Она задумчиво смотрела на него, словно пытаясь угадать, что он от нее скрывает.
– Жаль. По-моему, вы просто не хотите говорить, и я не понимаю почему.
– Потому что вокруг и так слишком много лжи, – буркнул он.
– Ну, если так... Тогда, наверное, просто не надо лгать.
– А вы никогда не лжете?
– Только по мелочам. А в серьезных вещах – нет, не лгу.
– Полноте, – отмахнулся он. – Мы лжем, даже когда молчим. Или когда тешим себя надеждами. И лжем при этом не только себе, но и другим. И никуда от этого не деться – это неизбежно.
Он допил вино и поставил бокал на перила. Жест вышел немного резкий и театральный, и он с досадой заметил, что она это видит. Она ждет от него чего-то еше. Но сказать не может, не то что ему – даже себе боится признаться. Вероятно, хочет, чтобы он ее поцеловал или даже потащил в постель, только по ней этого никак не скажешь. Она совсем не такая, как Йованка.
– Ну что же, – пробормотал он, – я, пожалуй, пойду. Уже светло.
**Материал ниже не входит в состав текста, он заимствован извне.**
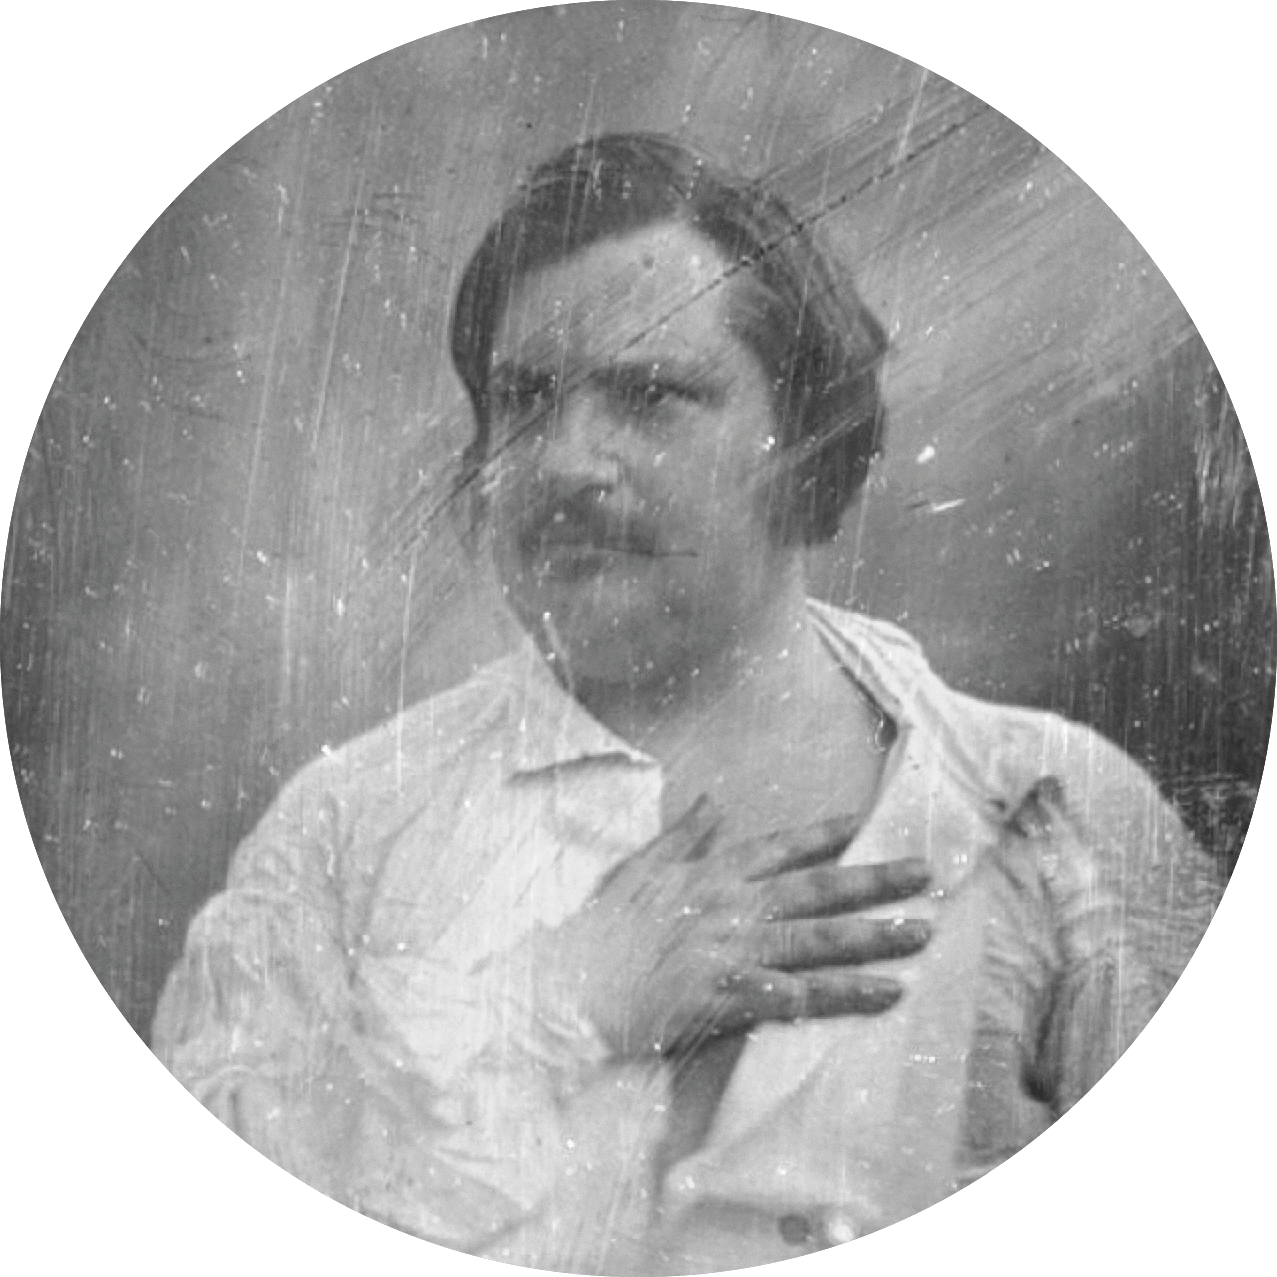 Daguerrotype, Honoré de Balzac.

– И правда, совсем как днем. Я, наверное, не смогу заснуть.
Собравшись идти, оба снова остановились, заглядевшись на заднюю стену дома – первые солнечные лучи осветили ее выпукло и четко, сверкнув в окнах верхнего этажа, тогда как нижние все еще серели в тусклом ожидании.
– Знаете, о чем я думаю? – спросила она. – Мне очень хочется узнать: что для вас в жизни самое главное?
– А если я сам этого не знаю?
– Это плохо. Обязательно надо знать. В каждом ведь что-то заложено, и очень важно выяснить что.
– Понимаю. Но я все только хожу вокруг да около.
– Это потому, что вы ищете.
– Слышать, конечно, лестно, но... Я одно знаю: не хочу вести жалкую, бездумную, убогую жизнь.
– Так ведь это очень важно! Об этом нельзя забывать! Это так вам идет.
– В каком смысле?
– Просто таким я вас вижу. Человеком, который стремится к чему-то особенному.
– Но никогда этого не получит.
– Не скажите. Стоит только захотеть. Главное – поверить в себя. Ведь вам все пути открыты!
– Как бы не так! – отрезал он. – Неправда это. Хорошо, когда у тебя много денег. Вот тогда действительно все пути открыты.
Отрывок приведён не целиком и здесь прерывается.